From a hacker’s point of view, this means the later the
stage, the higher the entropy, the less the information. In particular, LIB
provides more clues to us than DLL does. DLL exports only public APIs and hides
the private ones (e.g. in cmath.dll only IMSL APIs are exported
while FLEXlm functions are kept internal), but LIB symbols include both. In
fact, to build a program that calls DLL APIs we need to pass its import library
to the linker[5]. Import
library is a COFF LIB file that servers as a symbol reference (by pointing to
the DLL) and does not contain function bodies.
Now we can find out what functions are there in a library
file, locate our concerned function, and even extract the corresponding object
file (only for LIB). The following is an example with imsl_f_lin_sol_gen(). As we
said before, debug info, which reside in PE debug section or separate symbols
files, are as best as we can get only next to source code (debug info lies
roughly between the first and second stage).
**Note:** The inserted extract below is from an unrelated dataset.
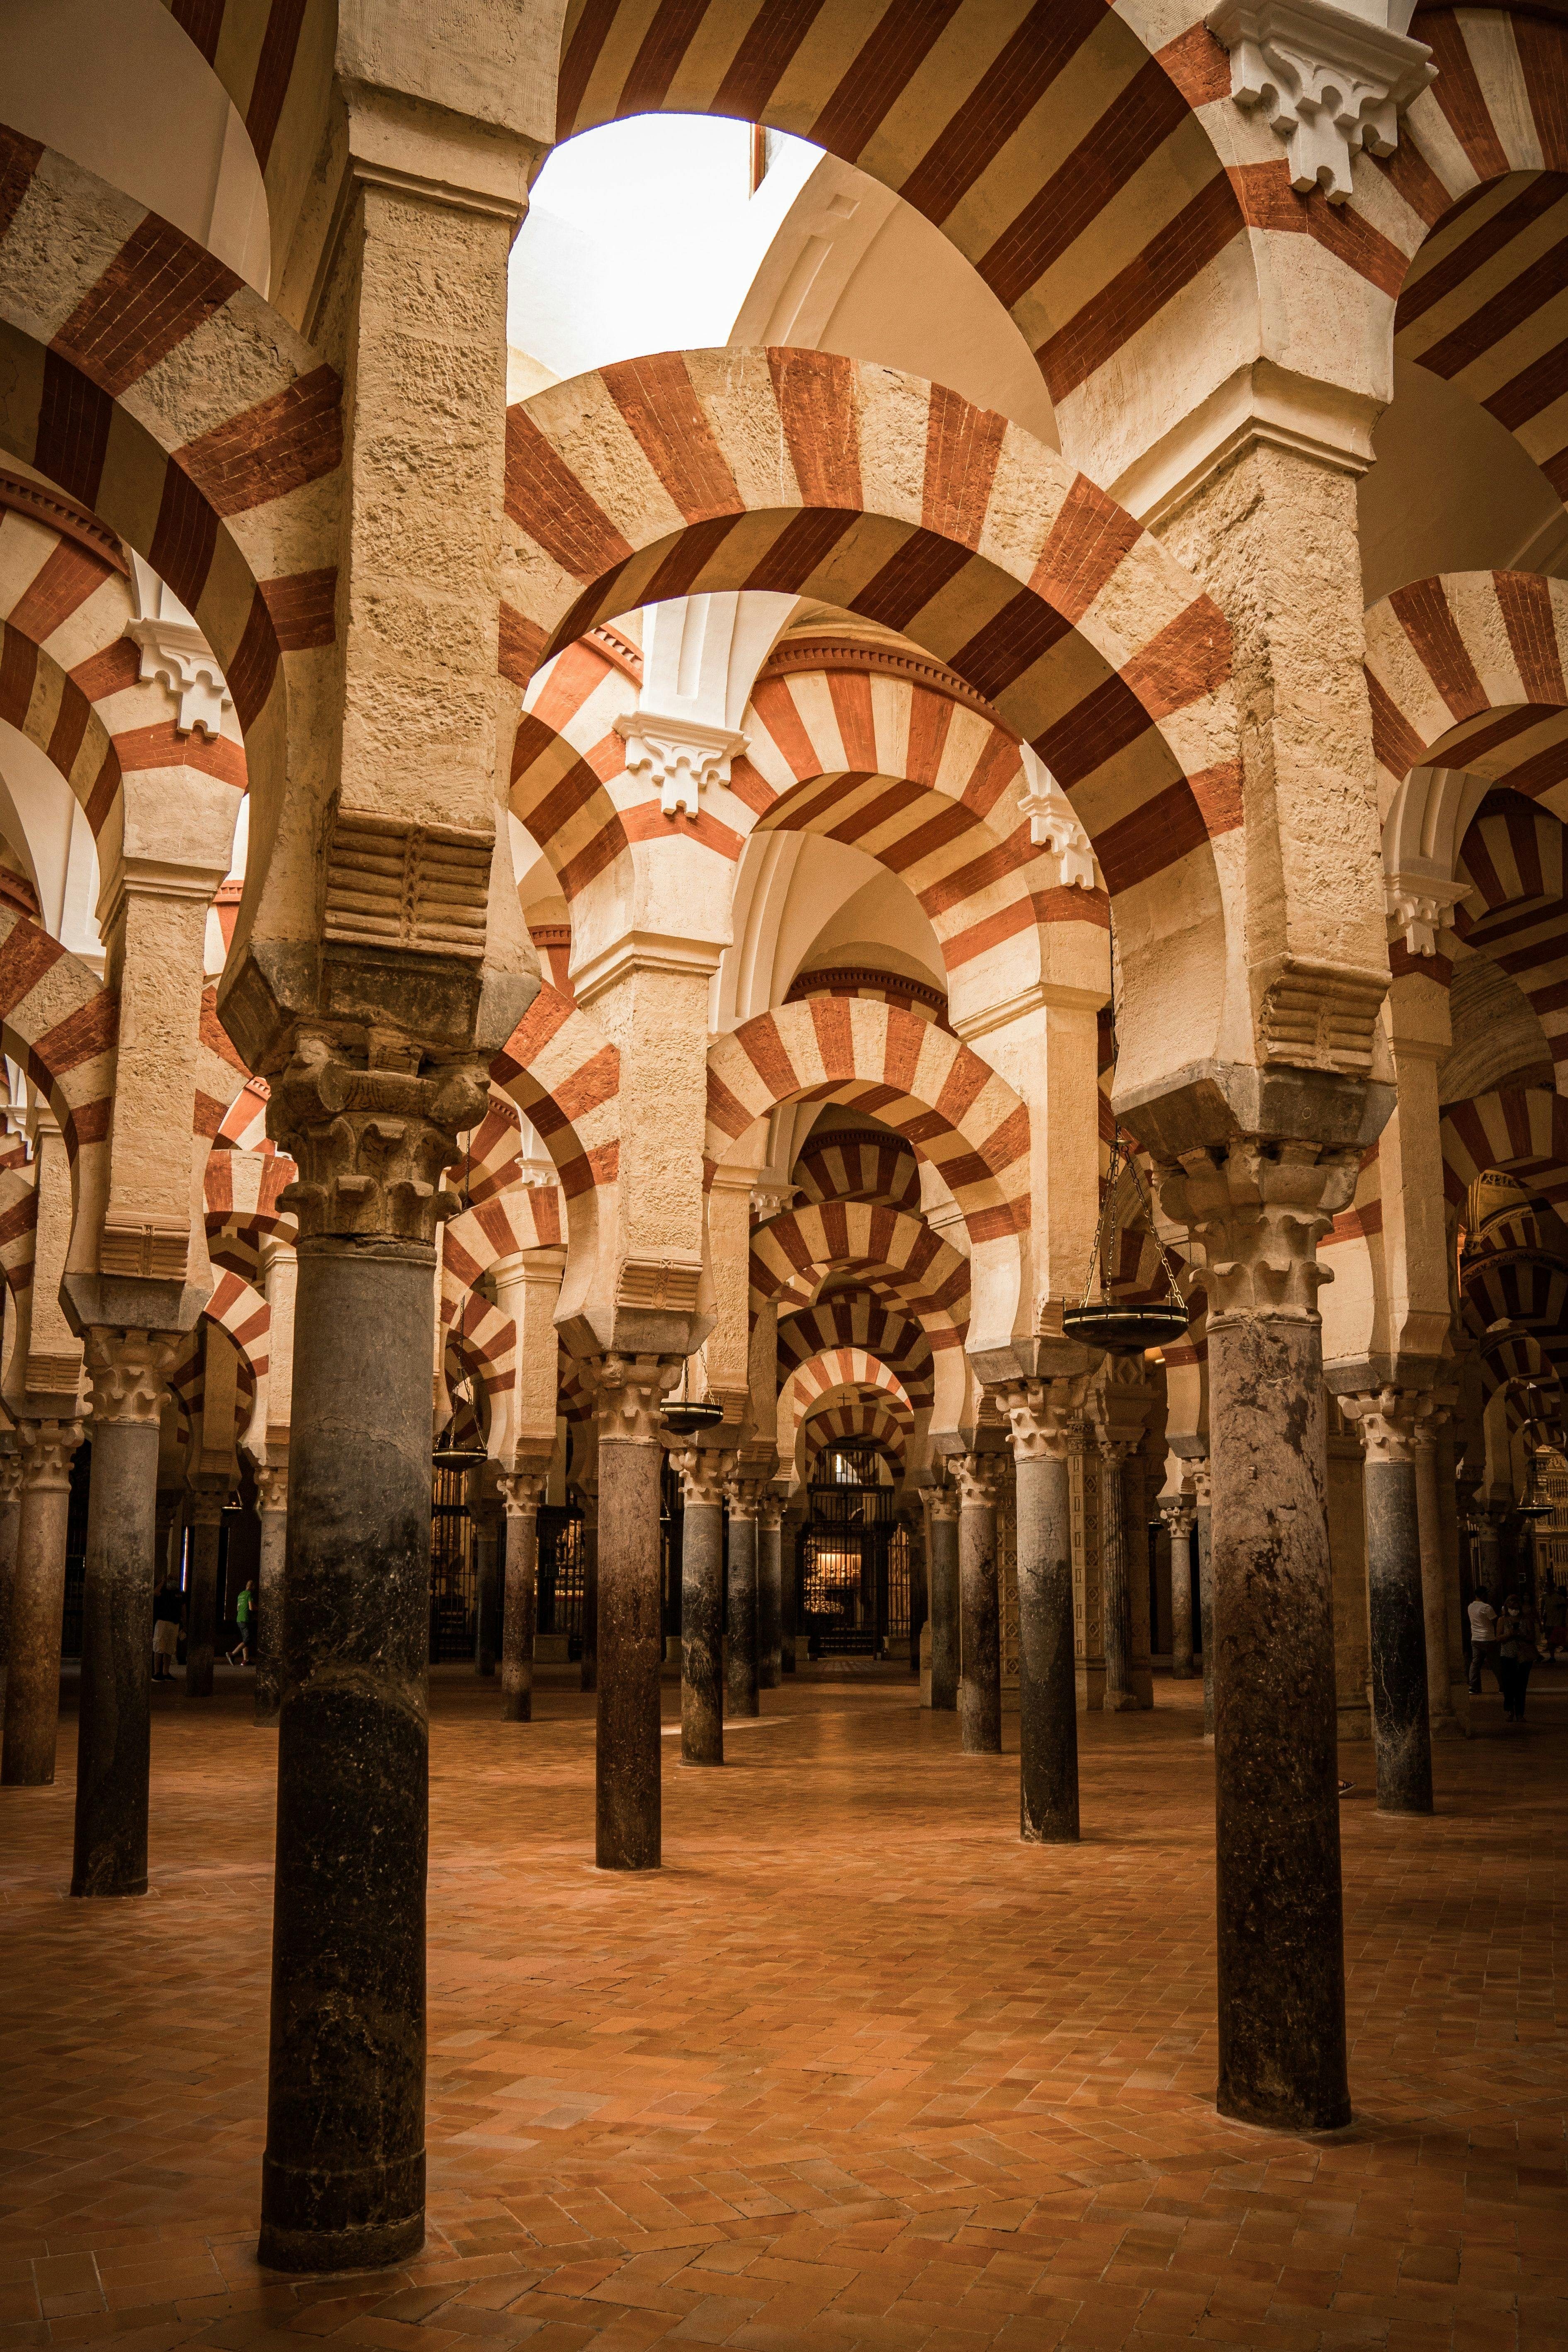 Pillars in Mezquita the Cathedral of Cordoba in Spain.

Nevertheless, what we obtain here
is still very important in reverse engineering (debug-build symbols is a
superset of COFF symbols).
F:\>dumpbin
/archivemembers /symbols %vni_dir%\cnl55\lib\cmath_s.lib|egrep
"member|imsl_f_lin_sol_gen”
... ...
Archive member name at
1C8CEE: vc++\gmres.obj/
00B 00000000 SECT3 notype ()
External |
_imsl_f_lin_sol_gen_min_residual
... ...
Archive member name at
1DAAAA: vc++\fspgen.obj/
00B 00000000 SECT3 notype ()
External |
_imsl_f_lin_sol_gen_coordinate
05A 00000000 UNDEF notype ()
External |
_imsl_f_lin_sol_gen
... ...
Archive member name at
1FC10E: /3128 vc++\fdmbndg.obj
007 00000000 SECT2 notype ()
External |
_imsl_f_lin_sol_gen_band
... ...
Archive member name at
58AC3E: /6132 vc++\flinslg.obj
007 00000000 SECT2 notype ()
External |
_imsl_f_lin_sol_gen
... ...
F:\>dumpbin /exports
%vni_dir%\cnl55\bin\cmath.dll | grep -i imsl_f_lin_sol_gen
438 1B5 000432C0
imsl_f_lin_sol_gen
439 1B6 0023B130
imsl_f_lin_sol_gen_band
440 1B7 0024AE30
imsl_f_lin_sol_gen_coordinate
441 1B8 00259C30
imsl_f_lin_sol_gen_min_residual
F:\>lib
/extract:vc++\flinslg.obj %vni_dir%\cnl55\lib\cmath_s.lib
IDA FLAIR moves one step further. Albeit in source code
API calls look like “x = imsl_f_lin_sol_gen(n, a, b, 0);”, it
appears in disassemblies as “call 004033B0” (static linking) or “call
[00402054]” (dynamic linking). Appropriate labeling of function
names along side of their memory addresses can drastically ease the assembly
analysis, and that’s exactly what FLAIR does. Most debuggers have such
commenting functionality, but usually restricted to exported APIs. IDA tries to
extend it to include as many functions as possible.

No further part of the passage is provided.